= Guru Baaje =

Guru Baaje was born as a Dhanu Gurung and was from Dhanubas. He was also known as Dharma Gurung. He became famous as Dhanu Guru in 18th century Nepal when people realized his extraordinary mastership in archery; he later was called Guru Baaje for his profound wisdom on the dharma when he moved to Kalabang (Kaloban/Black Forest) Gareti, Pumdibhumdi, Nepal.

At this time that a program of archery was held in Nuwakot by the king of Nuwakot. In this program Dharma Gurung, representing Kaski state, and Malla Thakuri of Baglung, representing Parbat, were called for the well-known mastership of their archery.
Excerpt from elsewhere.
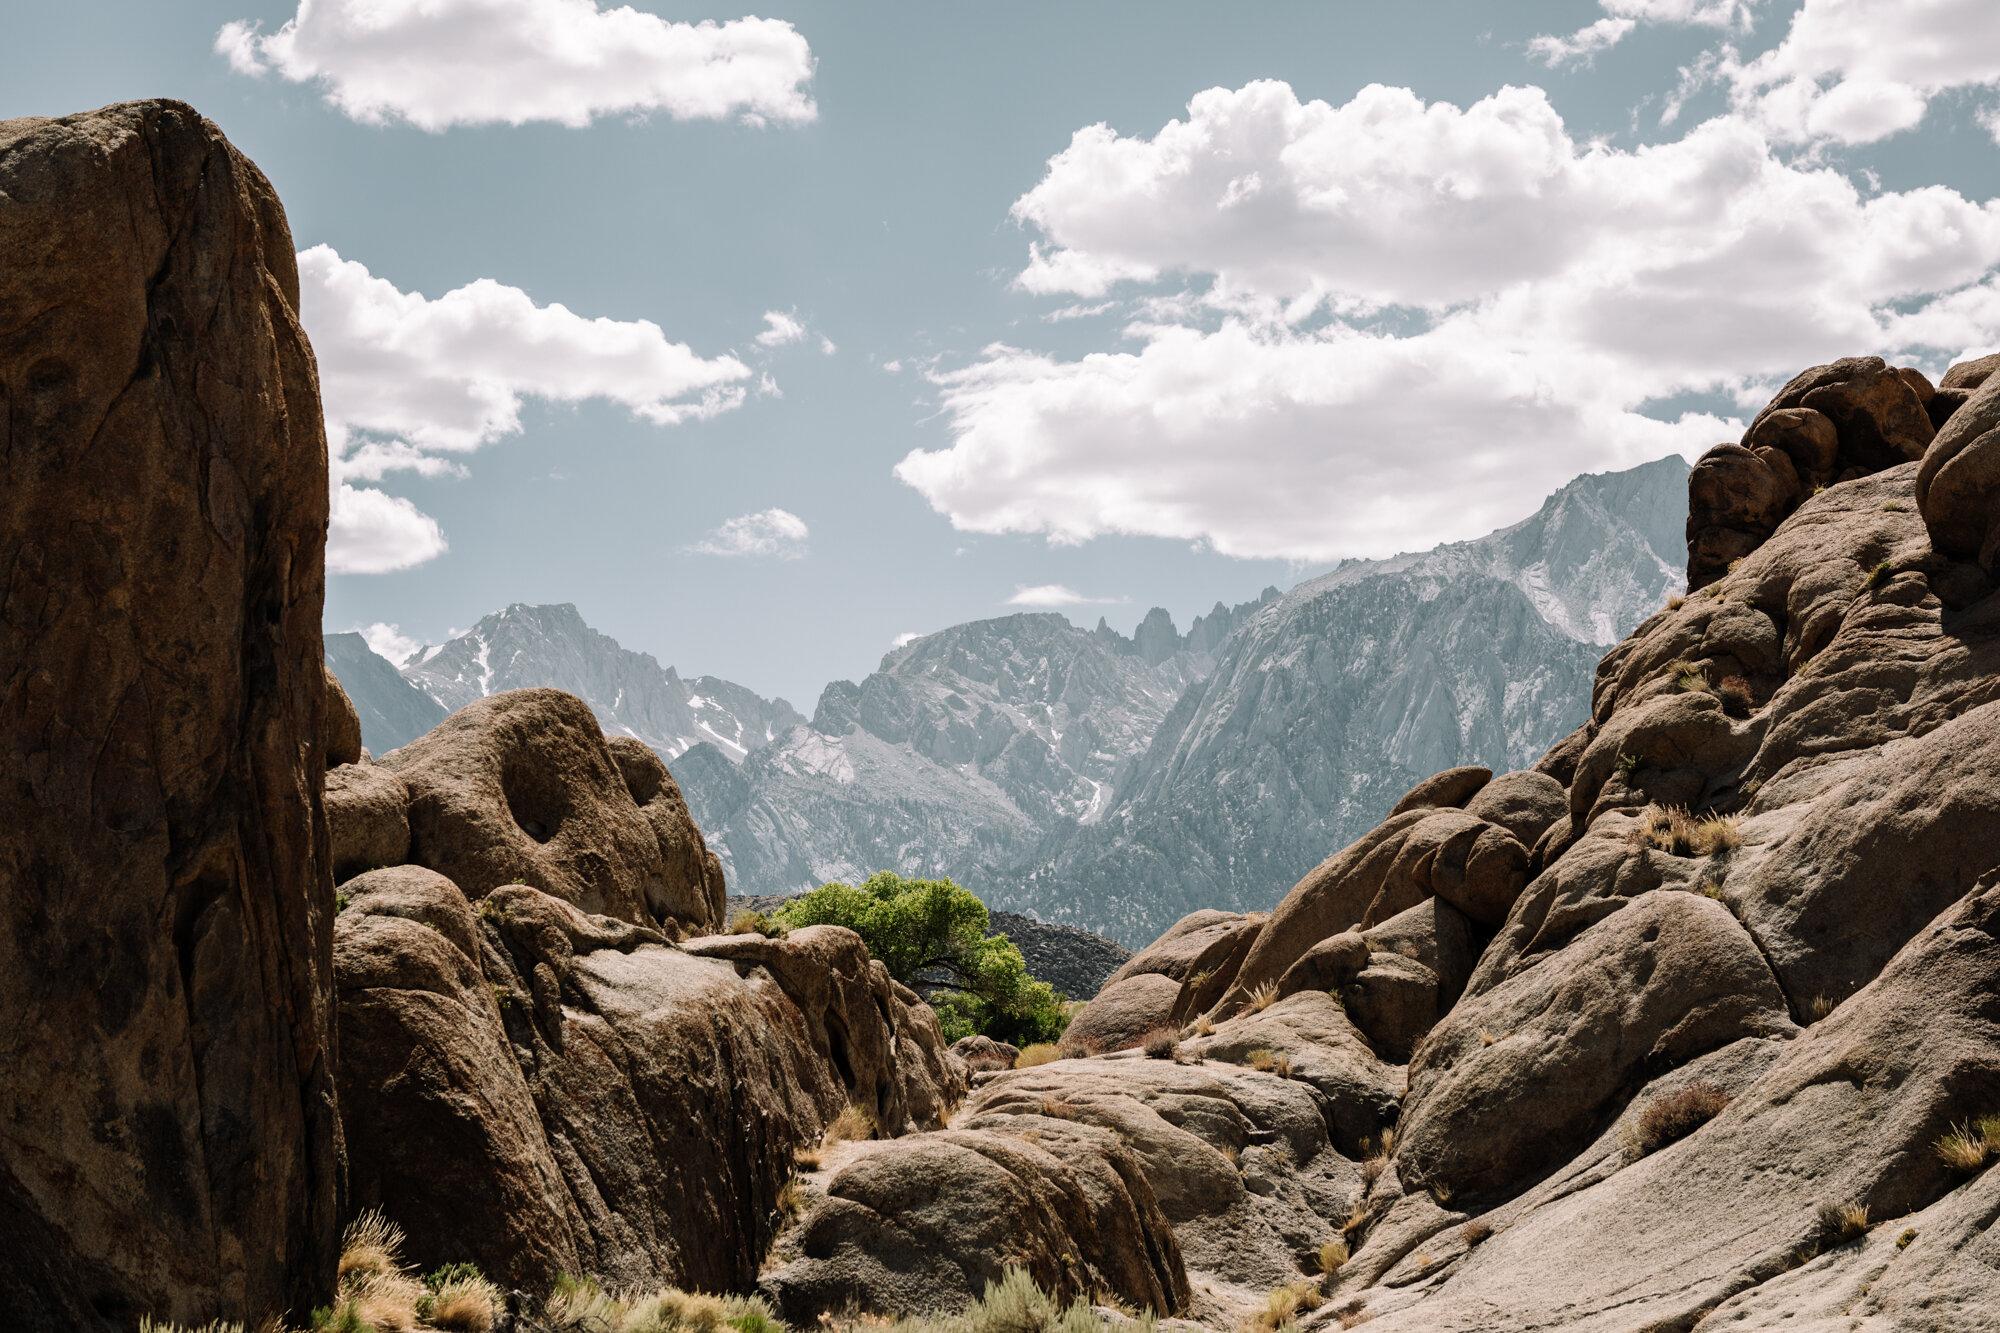 Rachel Off Duty: Alabama Hills and the Sierra Nevadas, California

Dharmu Gurung and Malla Thakuri reached the final.

Malla Thakuri took the first attempt, and he broke the thread in the sky. Dharma Gurung he said it's meaningless to hit a thread of such easiness. When the king asked what type of thread he likes to hit, he said, looking to the mirror in front, 'I want to hit the thread in the sky behind.' In this way he hit the thread into two.

When he was back home, the king of Kaski state asked him to ask for any boon. He asked for the Kaaloban (Black Forest) (called Kalabang by Gurungs) to be granted where he could build his commune of lineage and practice dharma at its highest level.

He was a master of pye tan lyu tan and a guru of many siddha vidhyas. People used to come to him for treatment from far and wide and to learn about dharma and secret tantra vidyas. People called him Guru Baaje for his profound encyclopedic wisdom.

When Guru Baaje realized time was going to have its way, he called all. Mainly pointing to Karnu Gurung he said:

“Ours is a tradition of Guru and we hold the light of Gurus hence we are called Gurungs. From 1 to 9 it is a whole number, I am the first of this generation and by the time of 9th generation it will be complete as 9 is a last number. Then in the 10th generation there will be born a master guru himself, an Adiguru incarnate who will transcend all dharmas and gurus, his name will start with A. And as 10 represents eternity he will not be Kshina but will be Aadi and Anadi. A master guru a siddhabuddha will he be to save many a life and simply but incredibly will he use his methods.”

After this he said syai syai and moved to the north never to be back.

==Gurung Dharma lineage==

Guru Baaje - Karnu Gurung - Parsang Gurung - Pratapsing Gurung - Avir Gurung - Jeet Bhadhur Gurung - Kubersing Gurung - Deo kaji Gurung - Kajiman Gurung.